Edge reached for the door latch. ‘I think I’ll maybe go after them and try to find that out, Sue Ellen.’

‘Are you in any state of health for riding?’

‘I figure a lot of what we feel as pain is in the mind. And if a man has something else to occupy him, it helps to ease what ails him.’

‘Okay, on your own mind be it,’ she said.

He left her standing in the doorway while he went around to the rear of the building and into the stable that was shared with the owner of the neighbouring meat market owner. He had just begun to saddle the chestnut gelding in the light of a kerosene lamp when he heard a sound behind him, turned too sharply and uttered a low groan of pain: scowled at the woman standing in the doorway.

‘Was that some kind of medical test you ran on my fitness to be doing this?’ He instantly regretted the irritation that rasped in his tone.

‘I just thought you might have need of this?’ Her resentment lasted for only a moment as she held out the gunbelt with a walnut butted Colt in the holster he had earlier 131

hung on the peg behind the door in the parlour. ‘But I see you have a rifle in the bucket. So maybe I should have the pistol?’

She started toward the other stall where Wyatt Ramsay’s horse stood.

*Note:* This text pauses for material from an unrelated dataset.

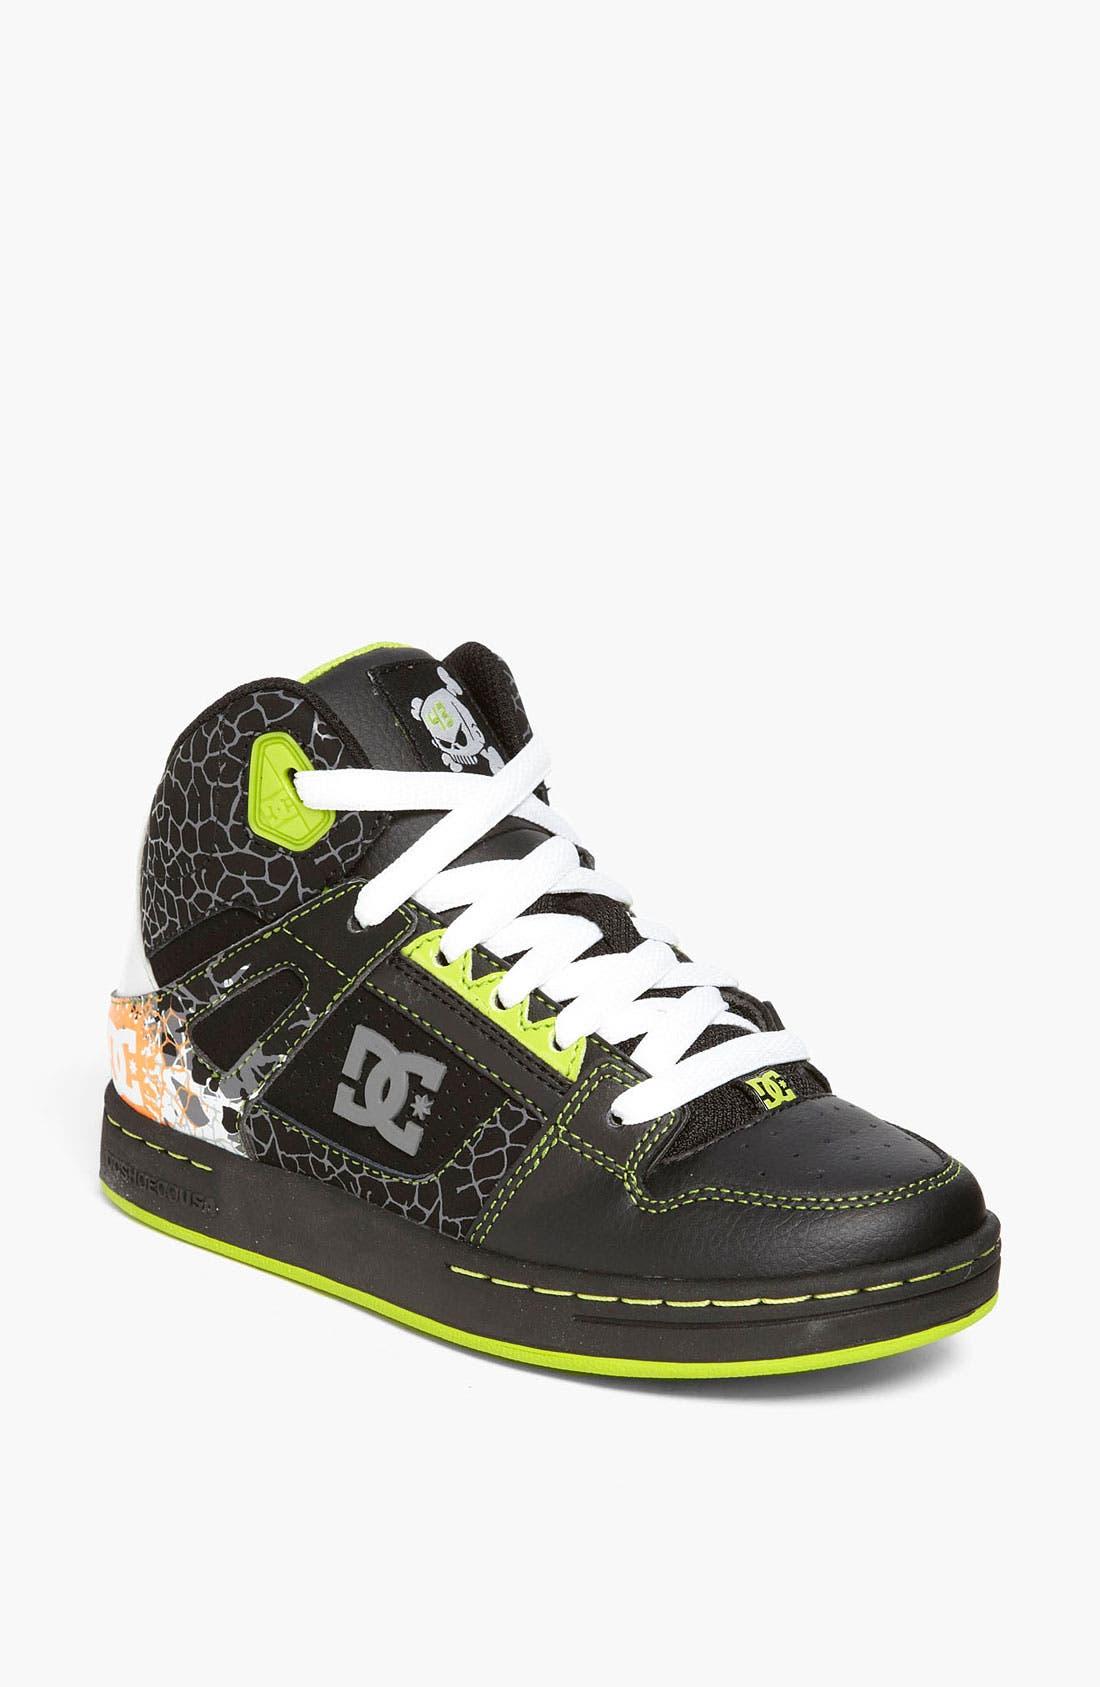 Main Image - DC Shoes 'Rebound' Sneaker (Toddler, Little Kid & Big Kid)
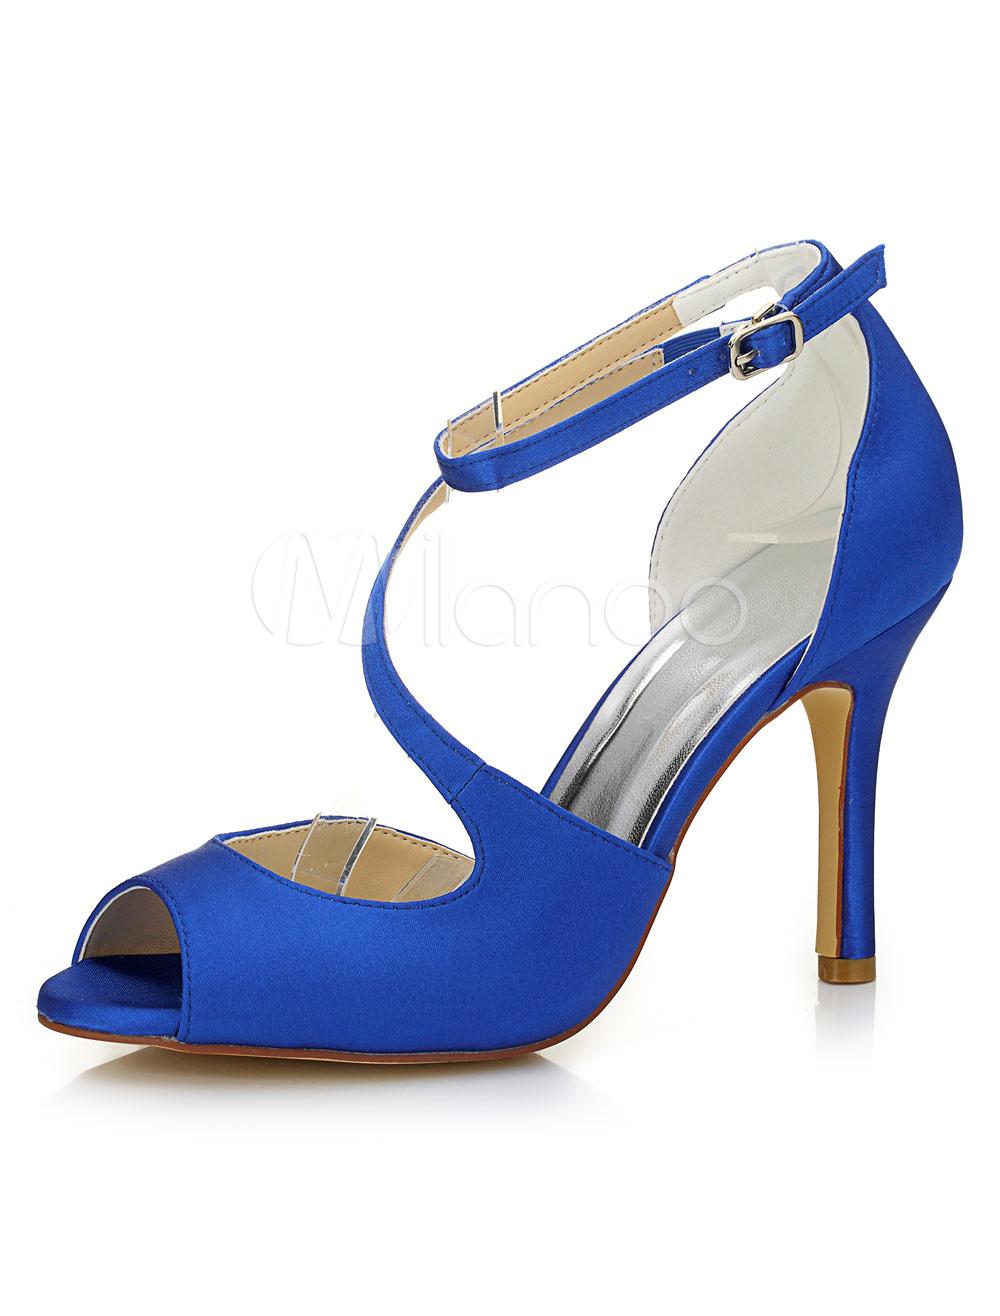 Blue Wedding Shoes Peep Sandals Women's High Heel Ankle Strap Stiletto Satin Bridal Shoes

‘What do you think you’re doing, Sue Ellen?’

‘You attend to your own business,’ she answered with as much firm determination in her voice as in her actions. ‘Wyatt and me are old friends. He won’t mind if I borrow his horse for awhile.’

‘To go where?’

‘Where do you think? With you, of course.’

‘I go alone, lady!’ He finished preparing his horse for riding and turned to face the woman.

‘So I’ll tag along behind you.’ She surrendered the gunbelt into his outstretched hand and went on as he buckled it around his waist then fastened the holster toe ties:

‘You’re still my patient and in case you need any more medical care, I should be close by.’

She coaxed the grey gelding out of the stall and expertly hefted a saddle on to his back without looking at Edge. ‘And there’s no point in arguing with me, is there? Because unless you lock me up in here – and you’d need to tie and gag me to keep me from yelling blue murder and doing anything else necessary to raise a stink which would – ‘

‘All right, all right: we’re wasting time!’ He led his horse to the doorway.

‘You’re the one doing that.’ Her tone was defensive in response to his peevishness. Because she had no aches and pains to hamper her, Sue Ellen was much faster than he had been in cinching the saddle securely to the horse. And Edge hardly had time to haul himself awkwardly astride the chestnut before she appeared from the stable and swung aloft the grey with the same smooth ease with which she had put the saddle on the horse.

‘Tell me something?’ he asked as he led the way down the alley.

‘If I can.’

‘Is there anything you’re not good at?’

‘There’s one thing for sure.’ They started along the street in the same direction taken by the buggy and four riders.’

‘That surprises me.’ Without any conscious effort, his mood had lightened.